§ **TASK TO COMPLETE**: Your response should contain every line from the data below that holds the string "Beige".

§ **SOURCE INFORMATION**:
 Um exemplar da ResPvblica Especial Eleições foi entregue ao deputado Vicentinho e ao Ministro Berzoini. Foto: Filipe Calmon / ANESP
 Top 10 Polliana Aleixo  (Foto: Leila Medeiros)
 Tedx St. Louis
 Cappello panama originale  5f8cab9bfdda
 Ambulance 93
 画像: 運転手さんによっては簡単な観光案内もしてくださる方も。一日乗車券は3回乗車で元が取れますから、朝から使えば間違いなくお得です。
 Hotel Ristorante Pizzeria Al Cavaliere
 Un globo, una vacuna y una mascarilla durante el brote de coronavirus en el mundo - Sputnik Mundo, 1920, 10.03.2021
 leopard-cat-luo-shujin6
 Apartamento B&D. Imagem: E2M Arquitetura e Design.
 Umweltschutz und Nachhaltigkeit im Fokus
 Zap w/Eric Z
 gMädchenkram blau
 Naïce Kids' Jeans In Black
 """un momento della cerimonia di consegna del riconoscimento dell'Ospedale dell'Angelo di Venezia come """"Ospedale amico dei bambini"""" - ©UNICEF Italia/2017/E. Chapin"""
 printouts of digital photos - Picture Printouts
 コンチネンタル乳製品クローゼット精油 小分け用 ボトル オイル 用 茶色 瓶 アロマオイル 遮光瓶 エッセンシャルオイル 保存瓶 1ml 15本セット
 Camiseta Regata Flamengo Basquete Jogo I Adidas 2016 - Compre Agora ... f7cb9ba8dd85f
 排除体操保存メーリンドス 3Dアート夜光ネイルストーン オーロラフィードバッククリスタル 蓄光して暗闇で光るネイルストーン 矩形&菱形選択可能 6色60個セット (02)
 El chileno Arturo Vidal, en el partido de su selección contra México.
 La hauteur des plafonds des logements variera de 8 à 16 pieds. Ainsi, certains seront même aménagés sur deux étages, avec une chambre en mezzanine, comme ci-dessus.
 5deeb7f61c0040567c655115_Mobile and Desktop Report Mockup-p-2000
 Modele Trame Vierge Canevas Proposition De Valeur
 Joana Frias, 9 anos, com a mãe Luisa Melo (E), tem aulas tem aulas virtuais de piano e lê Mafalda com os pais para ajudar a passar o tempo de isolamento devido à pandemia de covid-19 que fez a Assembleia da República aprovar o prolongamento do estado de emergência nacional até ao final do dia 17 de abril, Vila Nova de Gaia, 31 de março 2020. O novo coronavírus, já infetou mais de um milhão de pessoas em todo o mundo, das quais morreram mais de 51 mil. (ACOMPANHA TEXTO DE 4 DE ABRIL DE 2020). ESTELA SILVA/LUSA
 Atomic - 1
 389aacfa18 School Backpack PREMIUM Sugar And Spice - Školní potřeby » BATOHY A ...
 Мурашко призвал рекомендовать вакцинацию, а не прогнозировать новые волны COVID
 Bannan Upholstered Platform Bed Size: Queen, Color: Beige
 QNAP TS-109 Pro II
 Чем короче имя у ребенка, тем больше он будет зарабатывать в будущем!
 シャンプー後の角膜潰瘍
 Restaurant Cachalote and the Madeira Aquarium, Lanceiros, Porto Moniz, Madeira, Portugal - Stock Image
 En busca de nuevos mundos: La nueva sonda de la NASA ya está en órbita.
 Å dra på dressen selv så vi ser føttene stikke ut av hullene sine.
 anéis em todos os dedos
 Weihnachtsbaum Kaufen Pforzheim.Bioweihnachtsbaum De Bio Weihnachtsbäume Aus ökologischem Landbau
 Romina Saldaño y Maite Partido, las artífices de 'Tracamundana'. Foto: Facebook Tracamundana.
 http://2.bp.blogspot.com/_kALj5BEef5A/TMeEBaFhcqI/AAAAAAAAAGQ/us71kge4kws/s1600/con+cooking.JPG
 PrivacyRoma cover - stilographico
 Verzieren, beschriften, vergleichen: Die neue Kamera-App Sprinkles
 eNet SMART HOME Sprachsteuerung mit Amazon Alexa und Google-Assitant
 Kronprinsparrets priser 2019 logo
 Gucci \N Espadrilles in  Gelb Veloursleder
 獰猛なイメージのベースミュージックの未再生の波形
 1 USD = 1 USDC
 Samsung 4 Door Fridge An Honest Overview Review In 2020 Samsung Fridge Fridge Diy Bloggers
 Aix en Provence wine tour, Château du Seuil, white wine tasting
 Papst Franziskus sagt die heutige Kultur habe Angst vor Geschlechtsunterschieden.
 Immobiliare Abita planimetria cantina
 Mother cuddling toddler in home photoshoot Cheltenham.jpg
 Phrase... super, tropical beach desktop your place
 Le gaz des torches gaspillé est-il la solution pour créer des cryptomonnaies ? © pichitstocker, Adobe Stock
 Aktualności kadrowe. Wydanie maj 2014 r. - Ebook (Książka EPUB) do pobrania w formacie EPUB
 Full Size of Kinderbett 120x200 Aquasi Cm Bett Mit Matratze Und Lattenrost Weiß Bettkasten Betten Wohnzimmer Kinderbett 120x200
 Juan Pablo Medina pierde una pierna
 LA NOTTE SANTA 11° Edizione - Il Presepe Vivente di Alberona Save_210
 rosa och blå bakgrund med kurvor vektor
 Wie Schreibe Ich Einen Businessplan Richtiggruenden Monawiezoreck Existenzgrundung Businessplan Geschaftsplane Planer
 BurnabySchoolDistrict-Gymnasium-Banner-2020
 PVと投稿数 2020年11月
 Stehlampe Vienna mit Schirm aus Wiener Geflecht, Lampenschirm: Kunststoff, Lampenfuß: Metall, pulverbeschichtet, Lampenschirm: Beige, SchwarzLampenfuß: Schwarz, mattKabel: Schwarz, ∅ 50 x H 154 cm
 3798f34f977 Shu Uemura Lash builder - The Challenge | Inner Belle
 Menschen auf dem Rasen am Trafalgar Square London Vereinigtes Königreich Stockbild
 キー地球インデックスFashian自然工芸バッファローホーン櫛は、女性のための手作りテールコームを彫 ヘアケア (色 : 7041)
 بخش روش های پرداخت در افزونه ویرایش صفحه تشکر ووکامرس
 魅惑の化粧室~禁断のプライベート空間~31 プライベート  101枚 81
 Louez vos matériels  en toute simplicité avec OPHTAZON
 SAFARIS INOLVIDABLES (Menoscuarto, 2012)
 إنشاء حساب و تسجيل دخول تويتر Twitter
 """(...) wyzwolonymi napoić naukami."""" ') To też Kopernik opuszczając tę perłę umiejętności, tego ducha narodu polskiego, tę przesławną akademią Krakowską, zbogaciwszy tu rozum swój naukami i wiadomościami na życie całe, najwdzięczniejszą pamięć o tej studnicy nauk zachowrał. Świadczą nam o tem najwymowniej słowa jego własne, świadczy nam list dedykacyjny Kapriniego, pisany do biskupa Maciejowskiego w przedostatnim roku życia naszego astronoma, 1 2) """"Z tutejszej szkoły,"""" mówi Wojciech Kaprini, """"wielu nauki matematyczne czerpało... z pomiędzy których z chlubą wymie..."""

§ **TASK ANSWER**:
 Bannan Upholstered Platform Bed Size: Queen, Color: Beige
 Stehlampe Vienna mit Schirm aus Wiener Geflecht, Lampenschirm: Kunststoff, Lampenfuß: Metall, pulverbeschichtet, Lampenschirm: Beige, SchwarzLampenfuß: Schwarz, mattKabel: Schwarz, ∅ 50 x H 154 cm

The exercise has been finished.